* [DIRECTIONS]:
The records that follow must be repeated exactly as they stand.

[Stored records]

━━━

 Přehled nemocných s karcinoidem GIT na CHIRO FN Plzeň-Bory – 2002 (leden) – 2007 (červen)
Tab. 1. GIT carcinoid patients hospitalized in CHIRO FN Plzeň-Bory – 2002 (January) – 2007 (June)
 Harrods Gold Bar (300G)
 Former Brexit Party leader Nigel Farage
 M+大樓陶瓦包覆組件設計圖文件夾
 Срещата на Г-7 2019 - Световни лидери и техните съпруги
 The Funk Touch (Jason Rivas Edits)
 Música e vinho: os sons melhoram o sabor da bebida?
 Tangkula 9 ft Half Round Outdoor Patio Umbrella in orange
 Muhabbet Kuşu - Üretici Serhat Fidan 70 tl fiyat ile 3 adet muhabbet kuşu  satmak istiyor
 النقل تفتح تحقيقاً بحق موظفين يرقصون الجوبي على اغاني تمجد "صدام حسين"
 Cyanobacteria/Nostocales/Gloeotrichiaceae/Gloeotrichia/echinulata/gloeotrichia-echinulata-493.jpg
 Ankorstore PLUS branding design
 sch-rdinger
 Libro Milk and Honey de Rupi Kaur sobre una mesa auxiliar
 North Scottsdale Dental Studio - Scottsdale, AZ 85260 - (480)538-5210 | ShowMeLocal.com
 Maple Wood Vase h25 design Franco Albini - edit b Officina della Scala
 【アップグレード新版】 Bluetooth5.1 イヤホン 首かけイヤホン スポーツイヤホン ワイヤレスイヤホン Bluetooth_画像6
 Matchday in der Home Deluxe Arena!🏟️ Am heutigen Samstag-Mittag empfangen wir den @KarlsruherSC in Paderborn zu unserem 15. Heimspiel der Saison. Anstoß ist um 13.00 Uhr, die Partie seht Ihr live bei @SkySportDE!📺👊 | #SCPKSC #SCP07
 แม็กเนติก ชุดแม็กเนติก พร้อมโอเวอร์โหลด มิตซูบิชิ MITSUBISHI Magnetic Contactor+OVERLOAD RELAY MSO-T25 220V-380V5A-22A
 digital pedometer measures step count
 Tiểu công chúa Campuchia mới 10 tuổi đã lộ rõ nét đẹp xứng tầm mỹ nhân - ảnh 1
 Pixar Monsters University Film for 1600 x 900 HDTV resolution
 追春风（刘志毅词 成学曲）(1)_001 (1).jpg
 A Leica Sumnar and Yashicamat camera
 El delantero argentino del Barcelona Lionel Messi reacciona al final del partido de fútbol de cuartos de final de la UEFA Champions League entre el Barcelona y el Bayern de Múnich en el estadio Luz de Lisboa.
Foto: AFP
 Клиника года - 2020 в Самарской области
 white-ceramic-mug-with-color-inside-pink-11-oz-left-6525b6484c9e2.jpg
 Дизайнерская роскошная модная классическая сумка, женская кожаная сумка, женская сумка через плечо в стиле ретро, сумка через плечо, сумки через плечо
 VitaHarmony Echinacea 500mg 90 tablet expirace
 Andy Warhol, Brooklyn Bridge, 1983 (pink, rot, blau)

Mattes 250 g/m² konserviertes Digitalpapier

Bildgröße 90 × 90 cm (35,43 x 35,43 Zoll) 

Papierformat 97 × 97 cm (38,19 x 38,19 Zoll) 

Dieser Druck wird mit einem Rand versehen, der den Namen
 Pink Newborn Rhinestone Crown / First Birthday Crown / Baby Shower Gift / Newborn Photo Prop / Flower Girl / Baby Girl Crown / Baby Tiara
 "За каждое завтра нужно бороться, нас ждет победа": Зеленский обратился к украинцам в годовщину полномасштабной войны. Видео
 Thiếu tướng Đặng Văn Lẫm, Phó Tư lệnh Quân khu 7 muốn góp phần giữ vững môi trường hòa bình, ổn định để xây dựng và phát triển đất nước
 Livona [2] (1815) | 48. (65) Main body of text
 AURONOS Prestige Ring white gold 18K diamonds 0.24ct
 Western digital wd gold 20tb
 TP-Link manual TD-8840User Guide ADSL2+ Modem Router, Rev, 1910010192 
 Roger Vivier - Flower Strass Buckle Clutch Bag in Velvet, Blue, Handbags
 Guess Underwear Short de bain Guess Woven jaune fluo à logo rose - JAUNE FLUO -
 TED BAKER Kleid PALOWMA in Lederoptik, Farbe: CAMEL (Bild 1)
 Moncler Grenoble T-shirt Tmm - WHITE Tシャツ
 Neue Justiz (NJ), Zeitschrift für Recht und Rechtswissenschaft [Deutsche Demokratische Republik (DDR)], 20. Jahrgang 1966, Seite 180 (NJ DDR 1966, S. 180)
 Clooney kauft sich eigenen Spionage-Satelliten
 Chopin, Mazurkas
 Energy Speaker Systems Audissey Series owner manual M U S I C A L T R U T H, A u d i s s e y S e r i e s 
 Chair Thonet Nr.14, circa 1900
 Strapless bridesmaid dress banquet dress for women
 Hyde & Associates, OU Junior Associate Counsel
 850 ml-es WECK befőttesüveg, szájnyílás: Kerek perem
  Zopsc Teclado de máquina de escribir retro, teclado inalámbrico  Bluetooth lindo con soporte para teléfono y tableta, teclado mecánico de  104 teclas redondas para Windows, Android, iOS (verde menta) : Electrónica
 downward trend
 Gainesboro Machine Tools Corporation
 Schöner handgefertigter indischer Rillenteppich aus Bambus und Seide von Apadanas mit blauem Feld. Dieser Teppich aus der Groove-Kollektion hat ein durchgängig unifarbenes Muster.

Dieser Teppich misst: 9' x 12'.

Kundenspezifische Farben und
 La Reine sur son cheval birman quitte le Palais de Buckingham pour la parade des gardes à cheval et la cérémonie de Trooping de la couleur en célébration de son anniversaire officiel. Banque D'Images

━━━

* [SOLUTION FOR THIS PROBLEM]:
 Přehled nemocných s karcinoidem GIT na CHIRO FN Plzeň-Bory – 2002 (leden) – 2007 (červen)
Tab. 1. GIT carcinoid patients hospitalized in CHIRO FN Plzeň-Bory – 2002 (January) – 2007 (June)
 Harrods Gold Bar (300G)
 Former Brexit Party leader Nigel Farage
 M+大樓陶瓦包覆組件設計圖文件夾
 Срещата на Г-7 2019 - Световни лидери и техните съпруги
 The Funk Touch (Jason Rivas Edits)
 Música e vinho: os sons melhoram o sabor da bebida?
 Tangkula 9 ft Half Round Outdoor Patio Umbrella in orange
 Muhabbet Kuşu - Üretici Serhat Fidan 70 tl fiyat ile 3 adet muhabbet kuşu  satmak istiyor
 النقل تفتح تحقيقاً بحق موظفين يرقصون الجوبي على اغاني تمجد "صدام حسين"
 Cyanobacteria/Nostocales/Gloeotrichiaceae/Gloeotrichia/echinulata/gloeotrichia-echinulata-493.jpg
 Ankorstore PLUS branding design
 sch-rdinger
 Libro Milk and Honey de Rupi Kaur sobre una mesa auxiliar
 North Scottsdale Dental Studio - Scottsdale, AZ 85260 - (480)538-5210 | ShowMeLocal.com
 Maple Wood Vase h25 design Franco Albini - edit b Officina della Scala
 【アップグレード新版】 Bluetooth5.1 イヤホン 首かけイヤホン スポーツイヤホン ワイヤレスイヤホン Bluetooth_画像6
 Matchday in der Home Deluxe Arena!🏟️ Am heutigen Samstag-Mittag empfangen wir den @KarlsruherSC in Paderborn zu unserem 15. Heimspiel der Saison. Anstoß ist um 13.00 Uhr, die Partie seht Ihr live bei @SkySportDE!📺👊 | #SCPKSC #SCP07
 แม็กเนติก ชุดแม็กเนติก พร้อมโอเวอร์โหลด มิตซูบิชิ MITSUBISHI Magnetic Contactor+OVERLOAD RELAY MSO-T25 220V-380V5A-22A
 digital pedometer measures step count
 Tiểu công chúa Campuchia mới 10 tuổi đã lộ rõ nét đẹp xứng tầm mỹ nhân - ảnh 1
 Pixar Monsters University Film for 1600 x 900 HDTV resolution
 追春风（刘志毅词 成学曲）(1)_001 (1).jpg
 A Leica Sumnar and Yashicamat camera
 El delantero argentino del Barcelona Lionel Messi reacciona al final del partido de fútbol de cuartos de final de la UEFA Champions League entre el Barcelona y el Bayern de Múnich en el estadio Luz de Lisboa.
Foto: AFP
 Клиника года - 2020 в Самарской области
 white-ceramic-mug-with-color-inside-pink-11-oz-left-6525b6484c9e2.jpg
 Дизайнерская роскошная модная классическая сумка, женская кожаная сумка, женская сумка через плечо в стиле ретро, сумка через плечо, сумки через плечо
 VitaHarmony Echinacea 500mg 90 tablet expirace
 Andy Warhol, Brooklyn Bridge, 1983 (pink, rot, blau)

Mattes 250 g/m² konserviertes Digitalpapier

Bildgröße 90 × 90 cm (35,43 x 35,43 Zoll) 

Papierformat 97 × 97 cm (38,19 x 38,19 Zoll) 

Dieser Druck wird mit einem Rand versehen, der den Namen
 Pink Newborn Rhinestone Crown / First Birthday Crown / Baby Shower Gift / Newborn Photo Prop / Flower Girl / Baby Girl Crown / Baby Tiara
 "За каждое завтра нужно бороться, нас ждет победа": Зеленский обратился к украинцам в годовщину полномасштабной войны. Видео
 Thiếu tướng Đặng Văn Lẫm, Phó Tư lệnh Quân khu 7 muốn góp phần giữ vững môi trường hòa bình, ổn định để xây dựng và phát triển đất nước
 Livona [2] (1815) | 48. (65) Main body of text
 AURONOS Prestige Ring white gold 18K diamonds 0.24ct
 Western digital wd gold 20tb
 TP-Link manual TD-8840User Guide ADSL2+ Modem Router, Rev, 1910010192 
 Roger Vivier - Flower Strass Buckle Clutch Bag in Velvet, Blue, Handbags
 Guess Underwear Short de bain Guess Woven jaune fluo à logo rose - JAUNE FLUO -
 TED BAKER Kleid PALOWMA in Lederoptik, Farbe: CAMEL (Bild 1)
 Moncler Grenoble T-shirt Tmm - WHITE Tシャツ
 Neue Justiz (NJ), Zeitschrift für Recht und Rechtswissenschaft [Deutsche Demokratische Republik (DDR)], 20. Jahrgang 1966, Seite 180 (NJ DDR 1966, S. 180)
 Clooney kauft sich eigenen Spionage-Satelliten
 Chopin, Mazurkas
 Energy Speaker Systems Audissey Series owner manual M U S I C A L T R U T H, A u d i s s e y S e r i e s 
 Chair Thonet Nr.14, circa 1900
 Strapless bridesmaid dress banquet dress for women
 Hyde & Associates, OU Junior Associate Counsel
 850 ml-es WECK befőttesüveg, szájnyílás: Kerek perem
  Zopsc Teclado de máquina de escribir retro, teclado inalámbrico  Bluetooth lindo con soporte para teléfono y tableta, teclado mecánico de  104 teclas redondas para Windows, Android, iOS (verde menta) : Electrónica
 downward trend
 Gainesboro Machine Tools Corporation
 Schöner handgefertigter indischer Rillenteppich aus Bambus und Seide von Apadanas mit blauem Feld. Dieser Teppich aus der Groove-Kollektion hat ein durchgängig unifarbenes Muster.

Dieser Teppich misst: 9' x 12'.

Kundenspezifische Farben und
 La Reine sur son cheval birman quitte le Palais de Buckingham pour la parade des gardes à cheval et la cérémonie de Trooping de la couleur en célébration de son anniversaire officiel. Banque D'Images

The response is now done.